• [TASK DETAILS]:
Please transcribe the listing below in full, exactly as written, leaving out its pictures.

• [DATA BLOCK]:
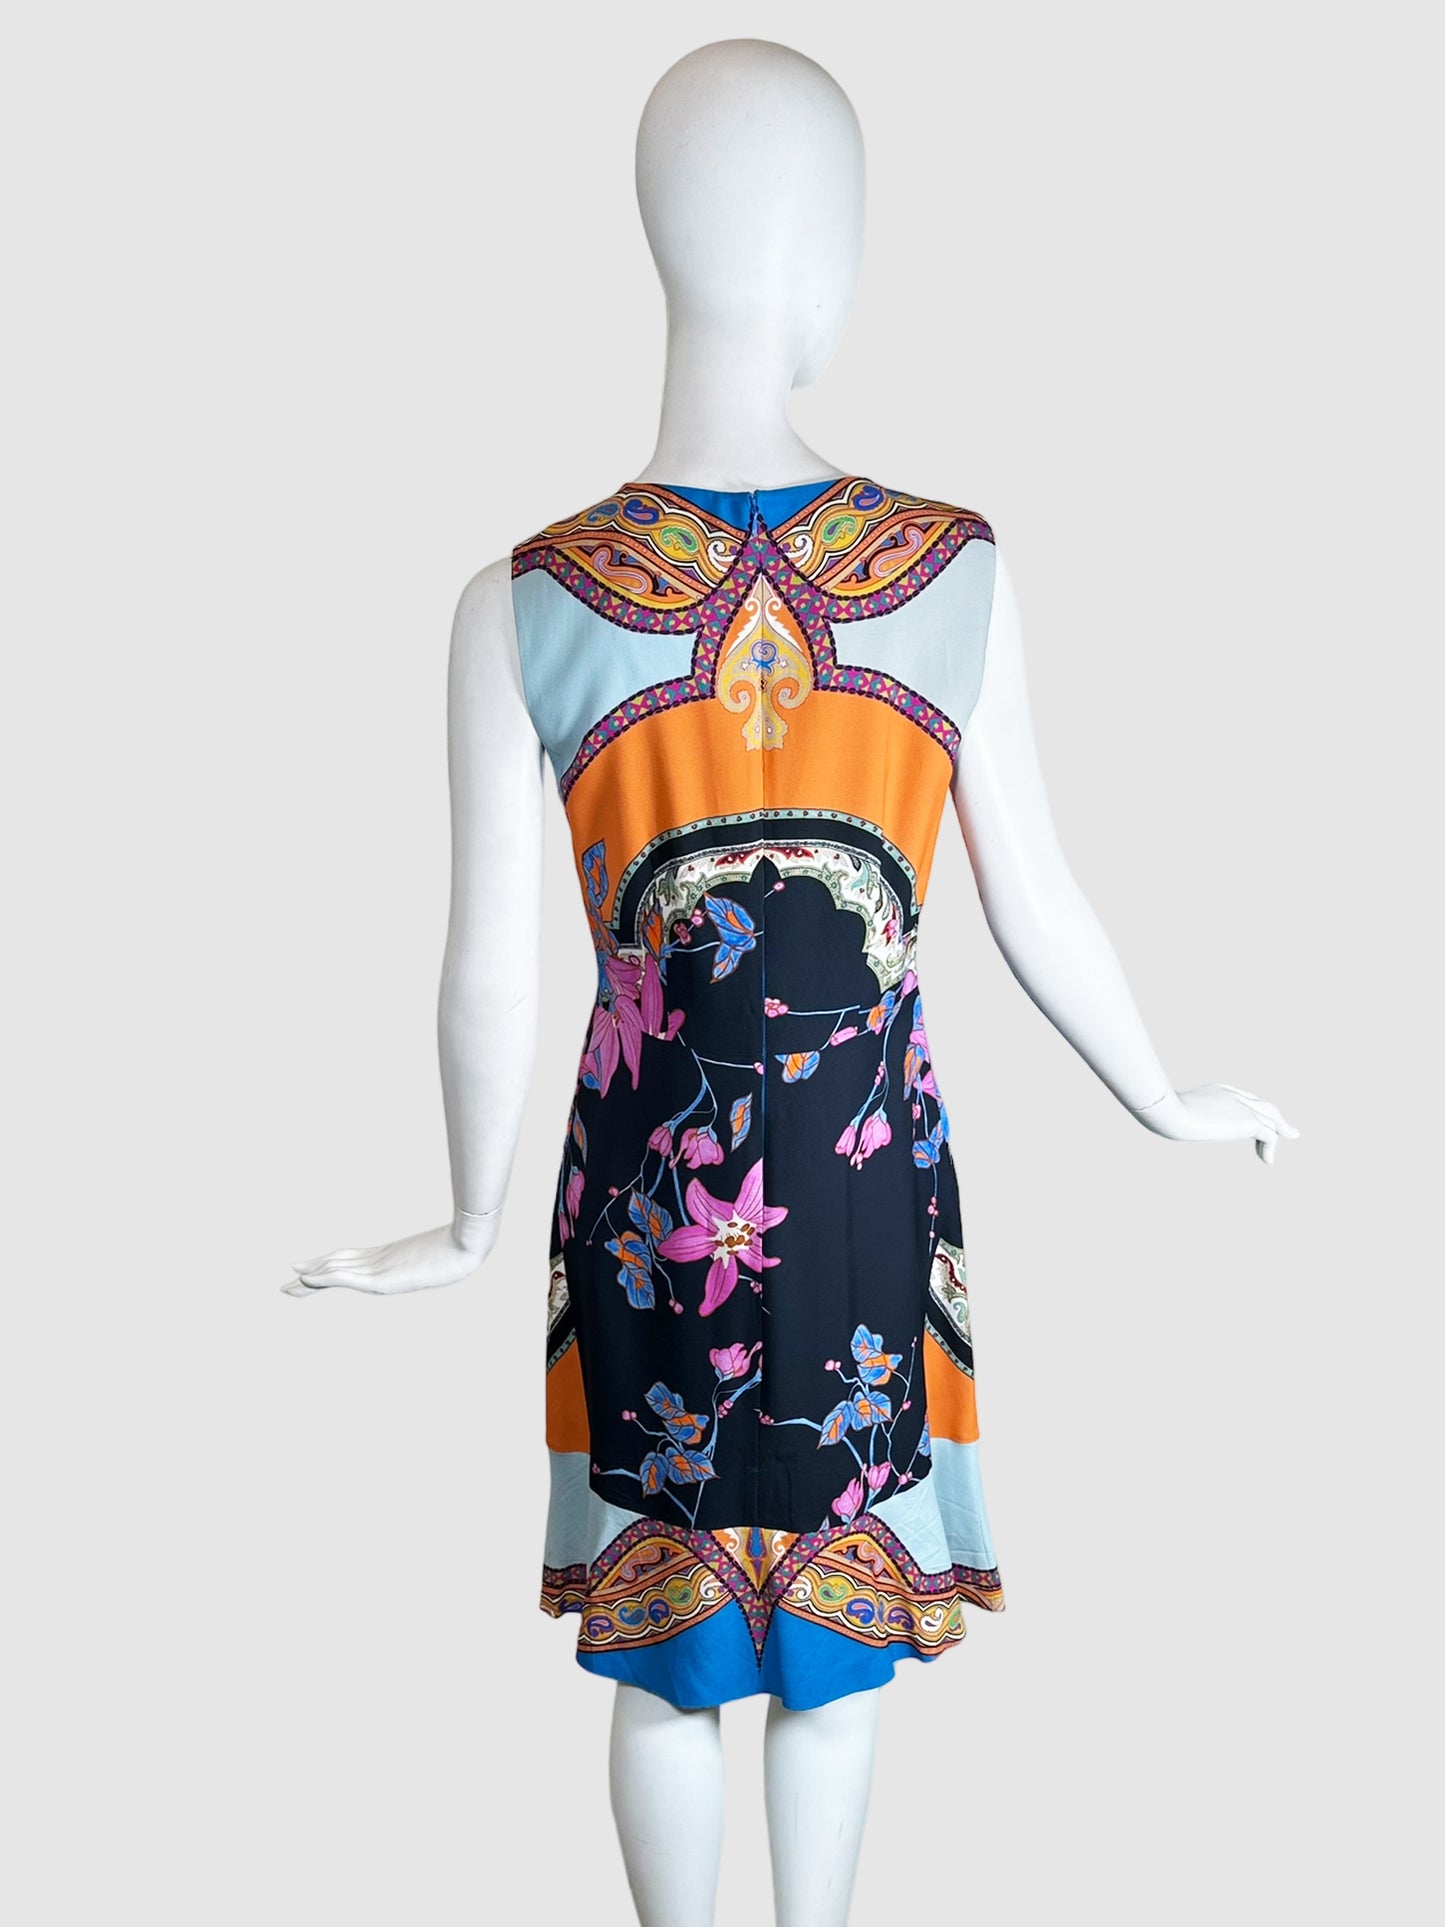 Etro Floral Sleeveless Dress - Size 44(M)
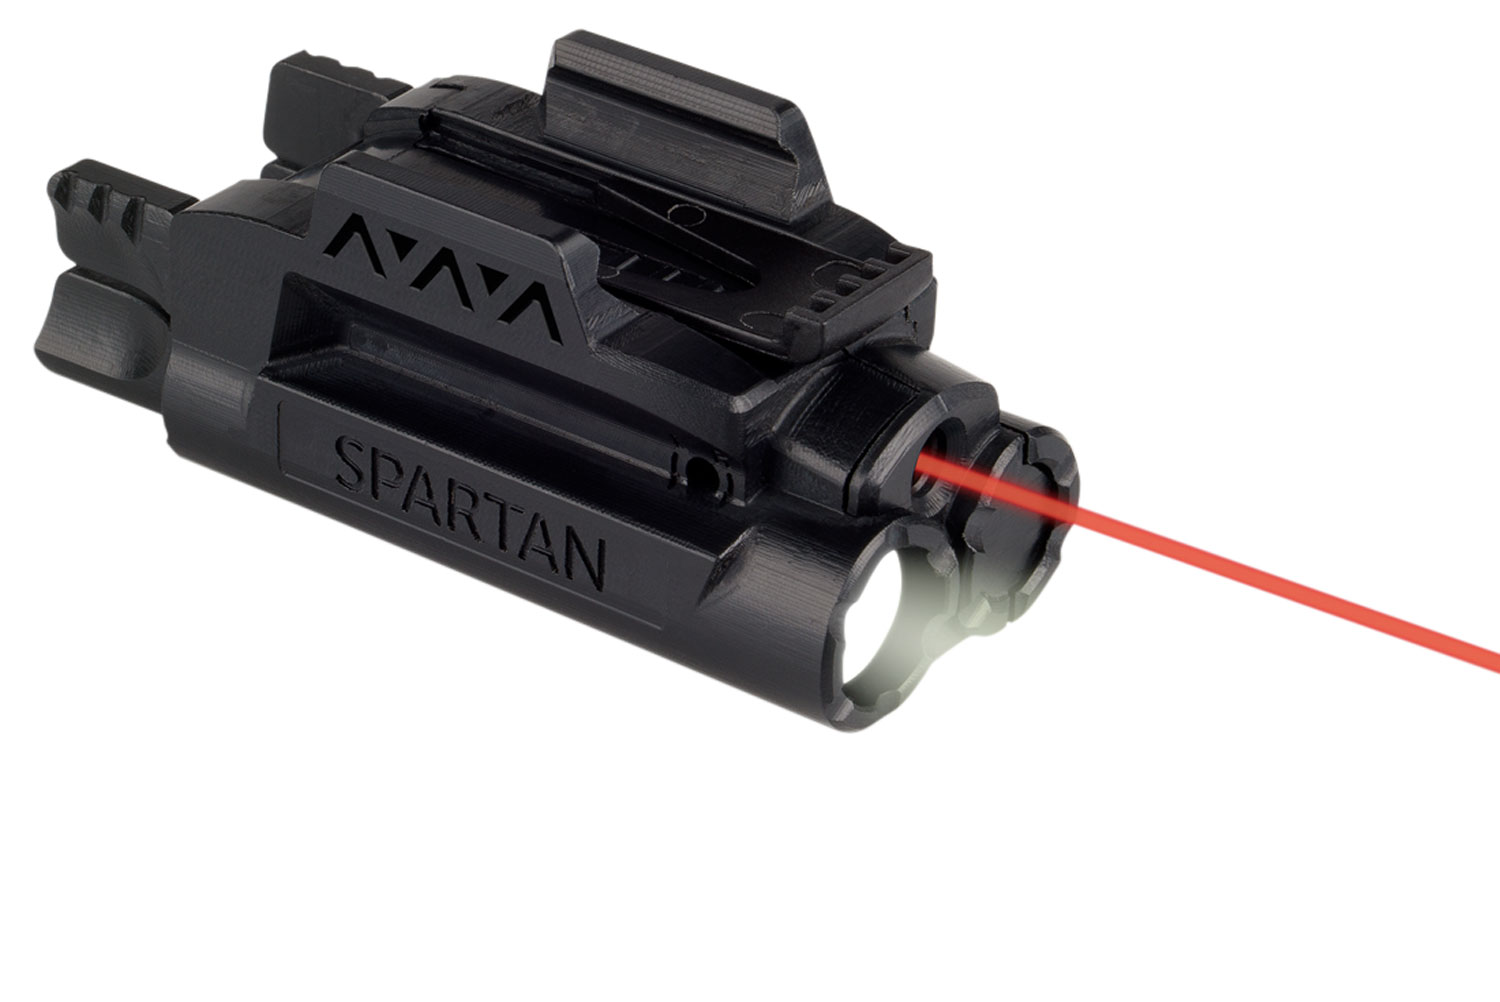 LaserMax SPSCR Spartan Laser/Light Combo 5mW Red Laser with 650nM Wavelength, 120 Lumens White LED Light Black Finish for Rail-Equipped Handgun
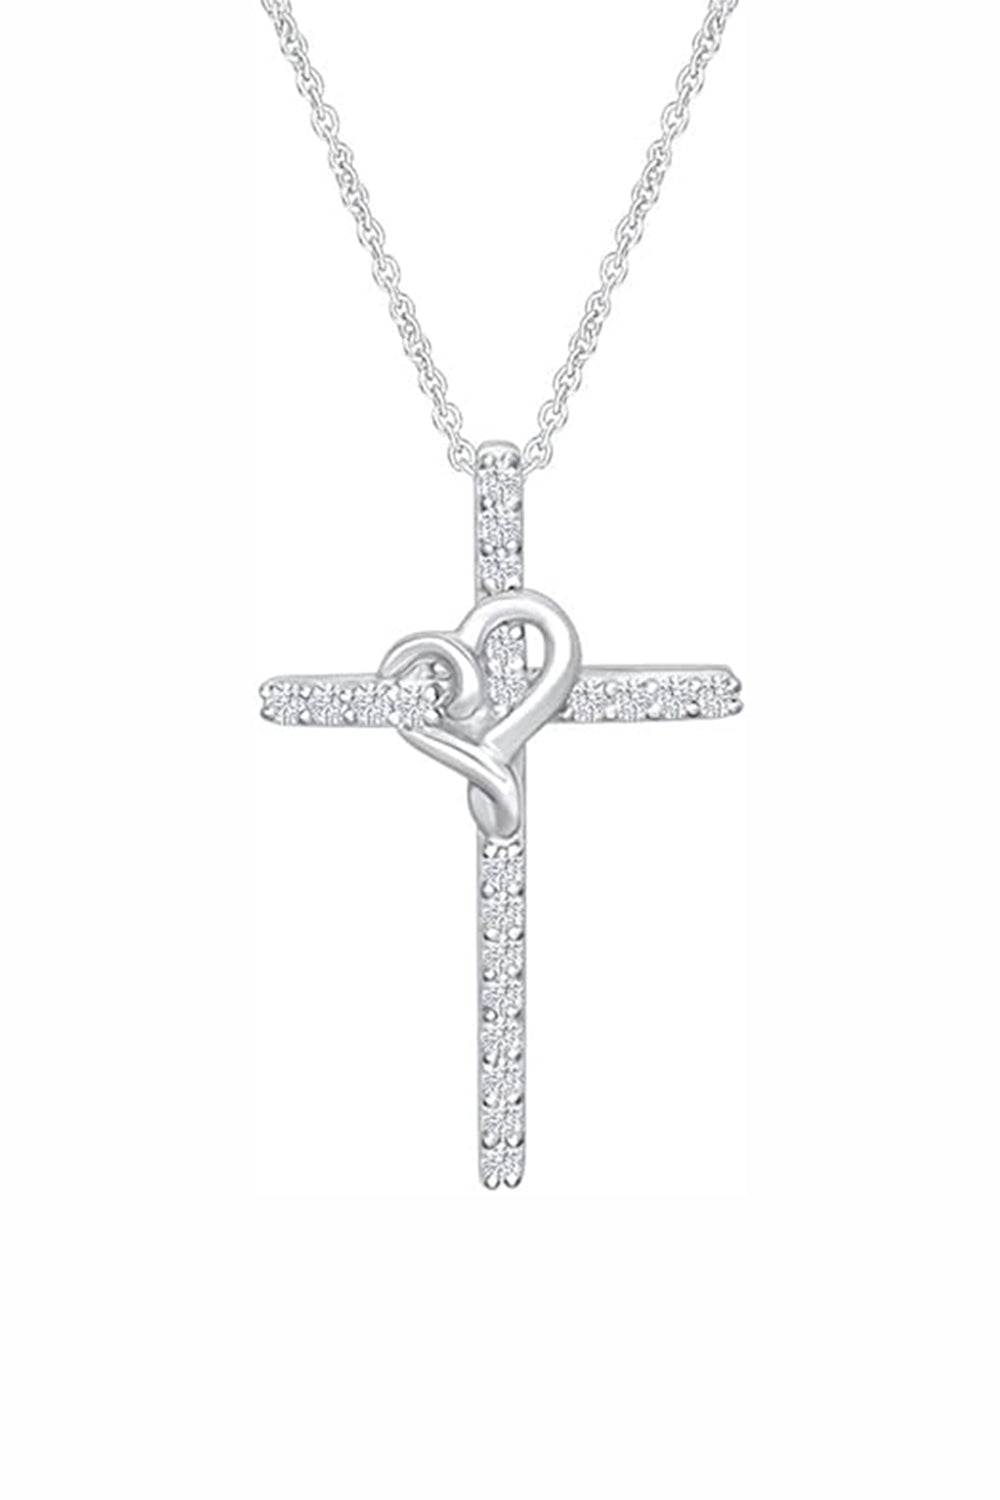 White Gold Color Yaathi Heart Cross Pendant Necklace, Religious Pendant
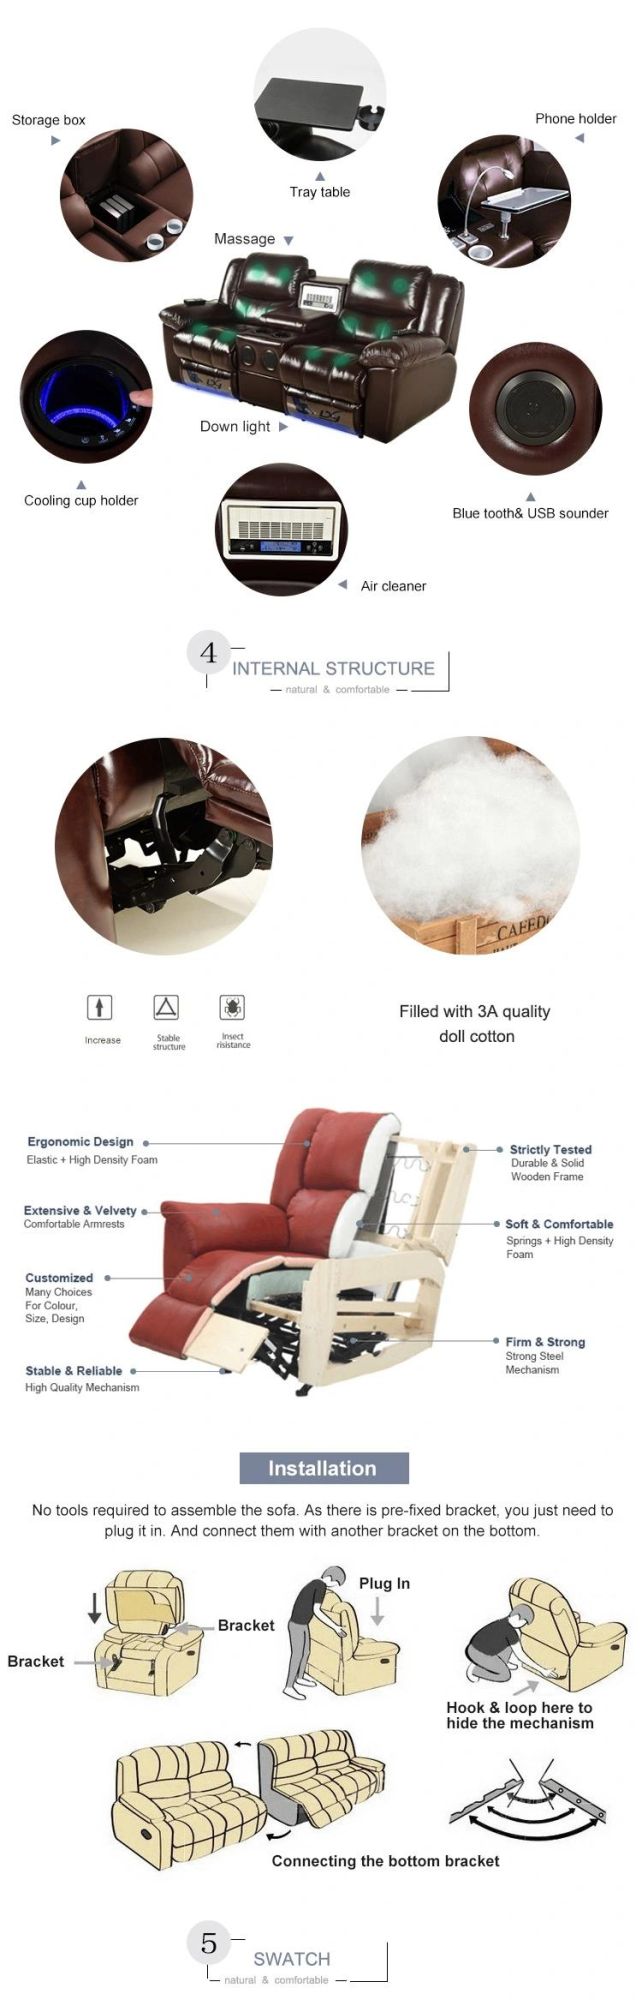 Fabric Hotel Zero Gravity Recliner Single Lift Chair Furniture

• [WRITTEN RESPONSE]:
 Etro Floral Sleeveless Dress - Size 44(M)
 LaserMax SPSCR Spartan Laser/Light Combo 5mW Red Laser with 650nM Wavelength, 120 Lumens White LED Light Black Finish for Rail-Equipped Handgun
 White Gold Color Yaathi Heart Cross Pendant Necklace, Religious Pendant
 Fabric Hotel Zero Gravity Recliner Single Lift Chair Furniture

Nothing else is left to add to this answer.